Gaze spent a day aboard the California fleet, and wrote for the Outlook about the killing of one whale:

"The suspense reaches a climax for visitors and sailor alike when the whale rises within 100 feet or so of the ship's bow. The harpooner swings his gun into position. The whale humps over, his back out of the water for a moment. The gunner aims. There is a terrible roar. The entire vessel vibrates. The harpoon finds its mark. A bomb attached to the harpoon explodes inside the mammal, wounding or killing it and opening four large claws designed to insure a firm hold on the whale."

Once the whale was towed back to the mother ship, it was sliced into cubes. The blubber was steamed to extract valuable whale oil, which was cooked into soap at San Pedro.

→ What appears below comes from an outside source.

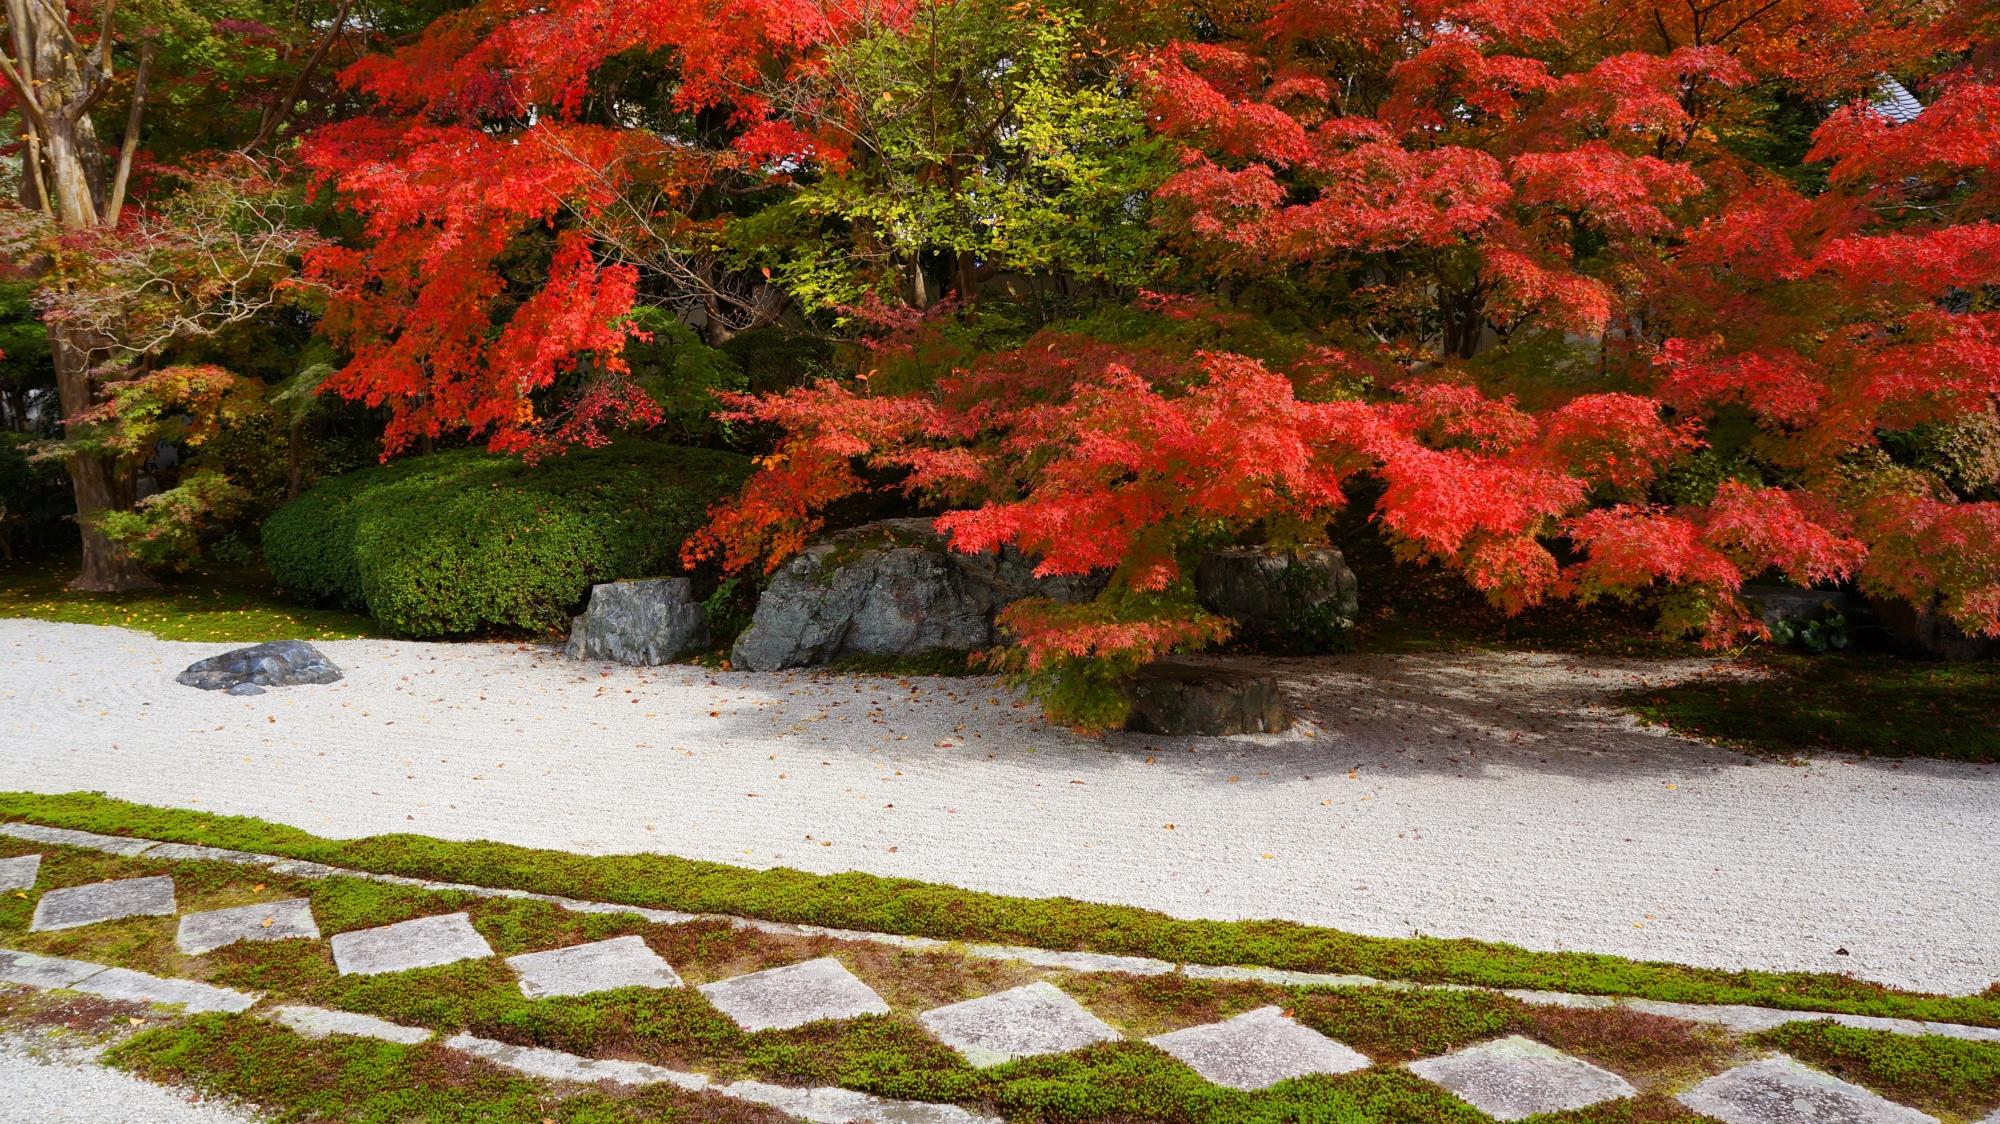 天授庵の特徴的な飛び石と苔の参道を華やぐ真紅の紅葉

Meat was used for dog food, and the bones and other "residue" was delivered to a fertilizer factory.

Each whale was worth about $1,500 - big money during the Great Depression.

Modern-day awareness of the whales' intelligence and scarcity was not a concern then. The need to hunt the smaller gray whales as a result of the depredation of the larger species was viewed as an inevitable and sound business policy, Gaze wrote.

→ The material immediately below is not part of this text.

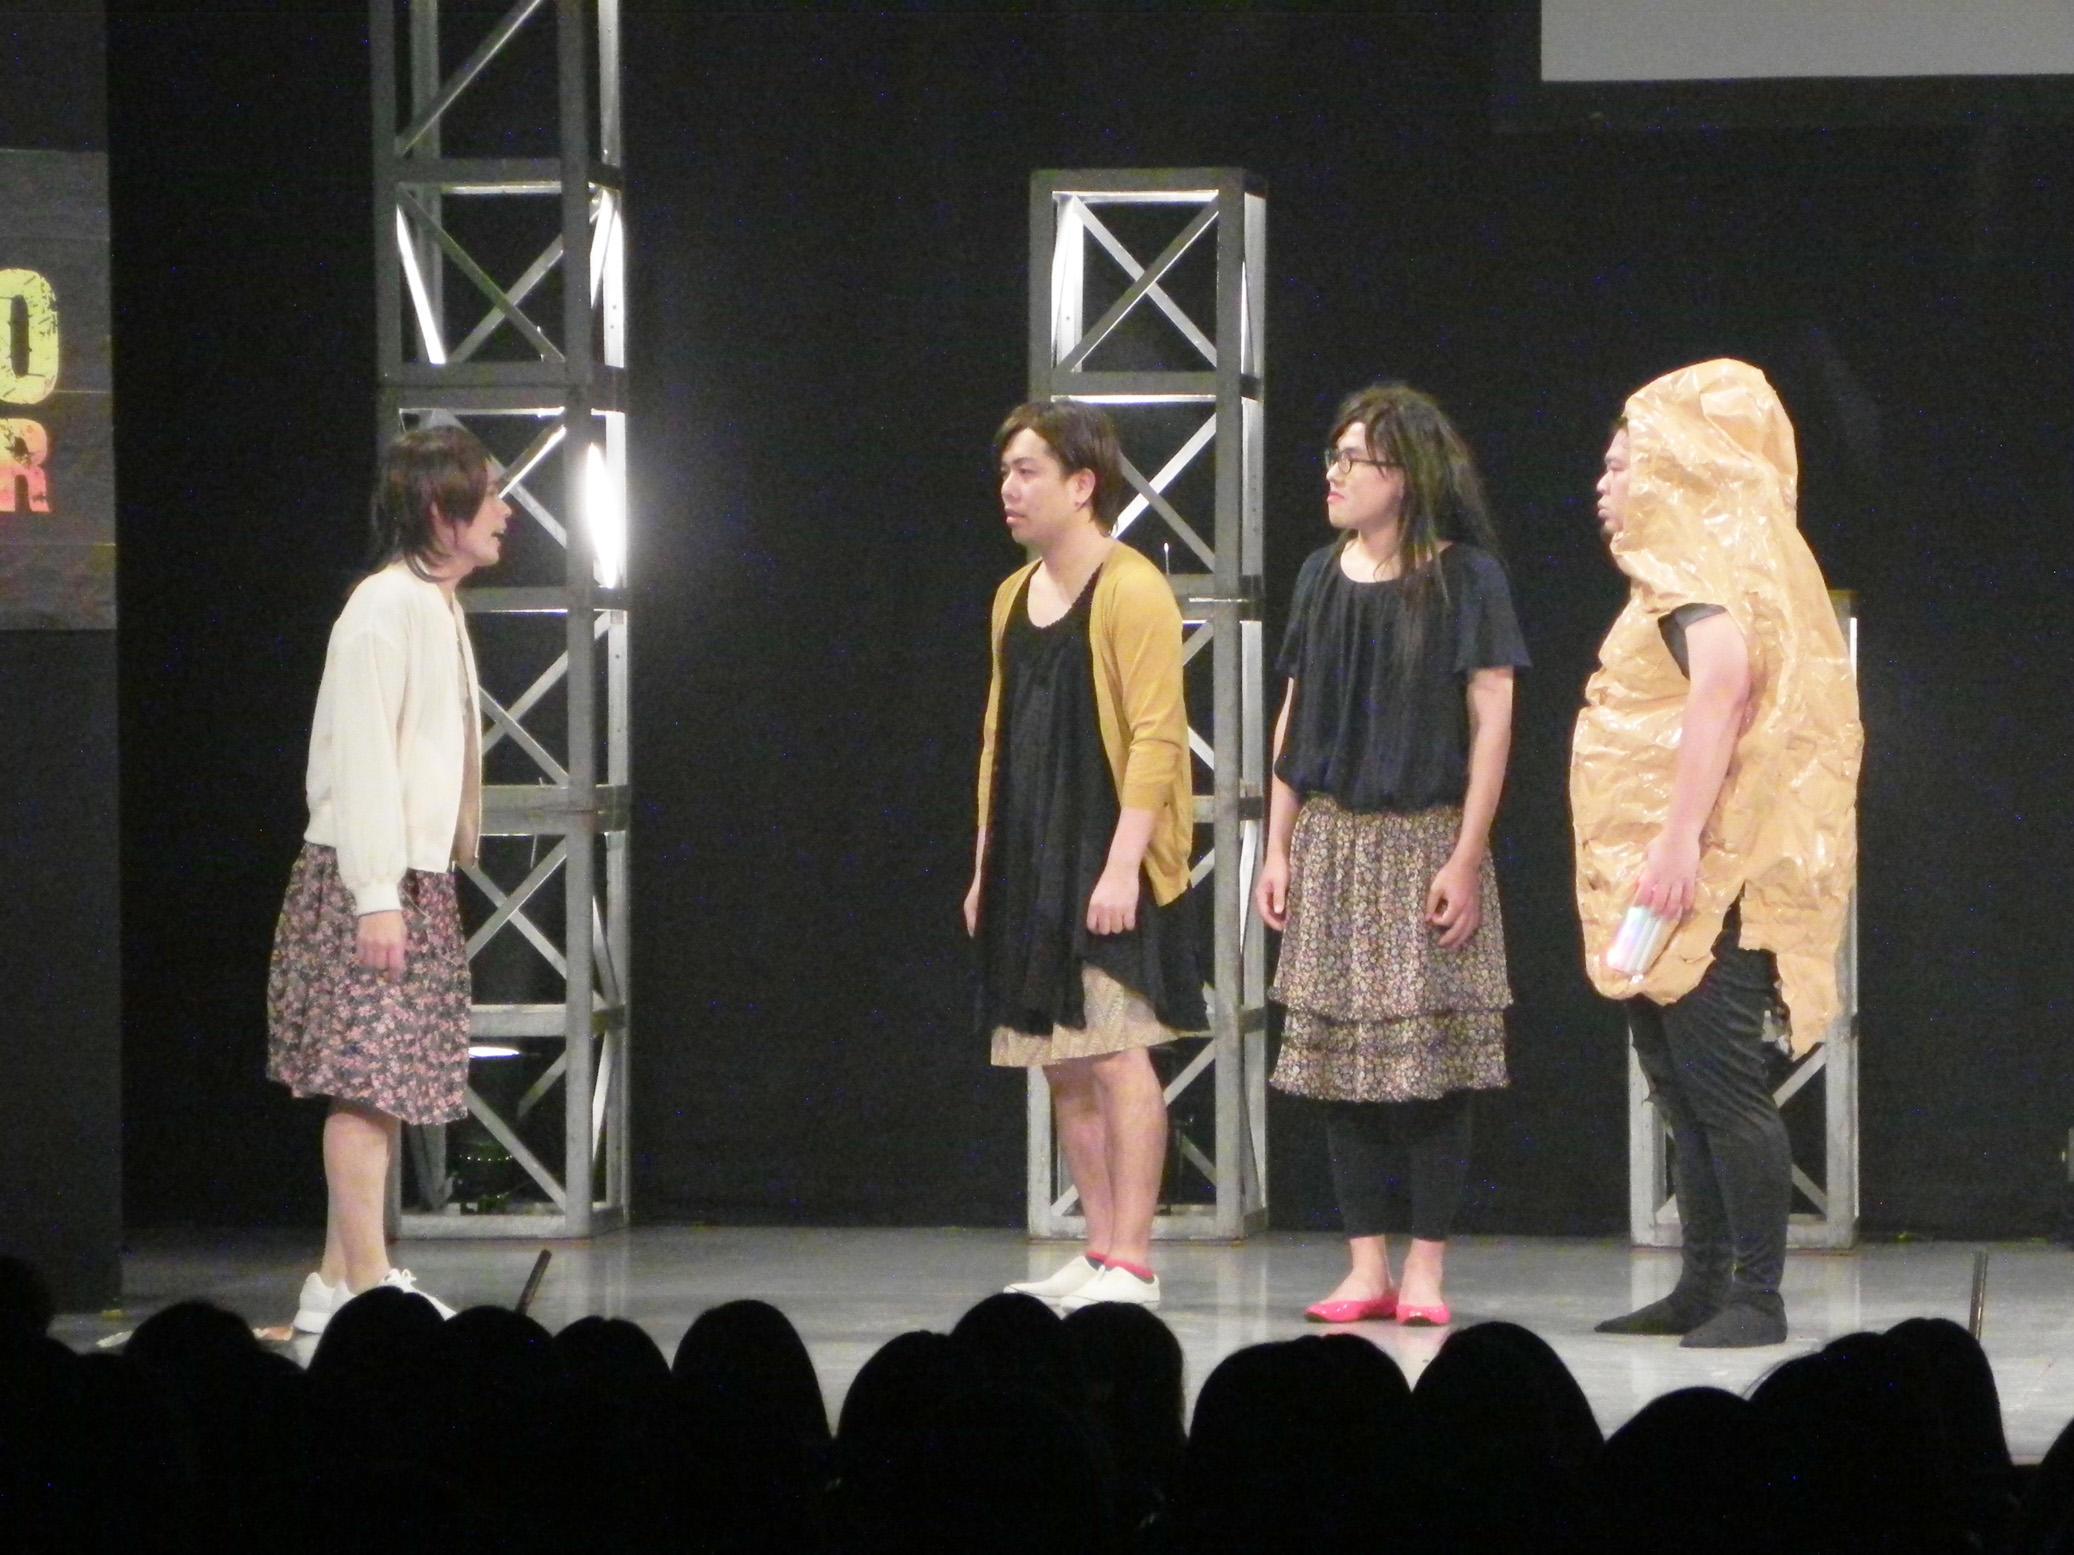 http://news.yoshimoto.co.jp/20170507155021-f45194c6dd8e15e7c8d3f1ee7edaedc661d9888e.jpg

The California was the last U.S. whaling ship other than one in Seattle that fished Canadian waters, he wrote. That made the Point Dume whaling station the last commercial whale harvester operating in U.S. waters, the end of an industry that had made Americans rich since colonial days but nearly wiped the largest mammals off the face of the earth.

International recognition of the overharvesting of whales lead to a temporary ban on whaling in U.S. waters in 1936, followed by an international ban shortly thereafter, Beebe said. This put an end to the Point Dume whaling enterprise after two seasons: at least 250 whales were butchered.

Gaze's shots of his day aboard the California are clearly preserved amongst the thousands of valuable, historic negatives that Beebe maintained after Gaze died. They are now in the permanent custody of the Santa Monica Historical Society, which is computerizing and cataloging them as time and funding permits.

The whaling photos have been printed and will be put on display later this month at Bob Morris' Paradise Cove Beach Cafe, Beebe said.

(1) comment

anonymous

The whale in the photo appears to be a fin whale (Balaenoptera physalus). It has a long sleek body, a white ventral surface, and straight smooth-edged white flukes. A gray whale would have a more robust dark or light mottled gray body, two deep furrows on its lower jaw, and scarred flukes with a more ragged trailing edge. And Gaze was mistaken on the number of gray whales caught -- the true total isn't known. The fleet operated year-round and only caught gray whales about four months of the year, so it wouldn't have obtained nearly all its catch in such a short period of time. Like the earlier Lansing (1926-30), it mainly caught blue, fin, and humpback whales (see Pacific Fisherman, Vols. 30-35, 1932-37).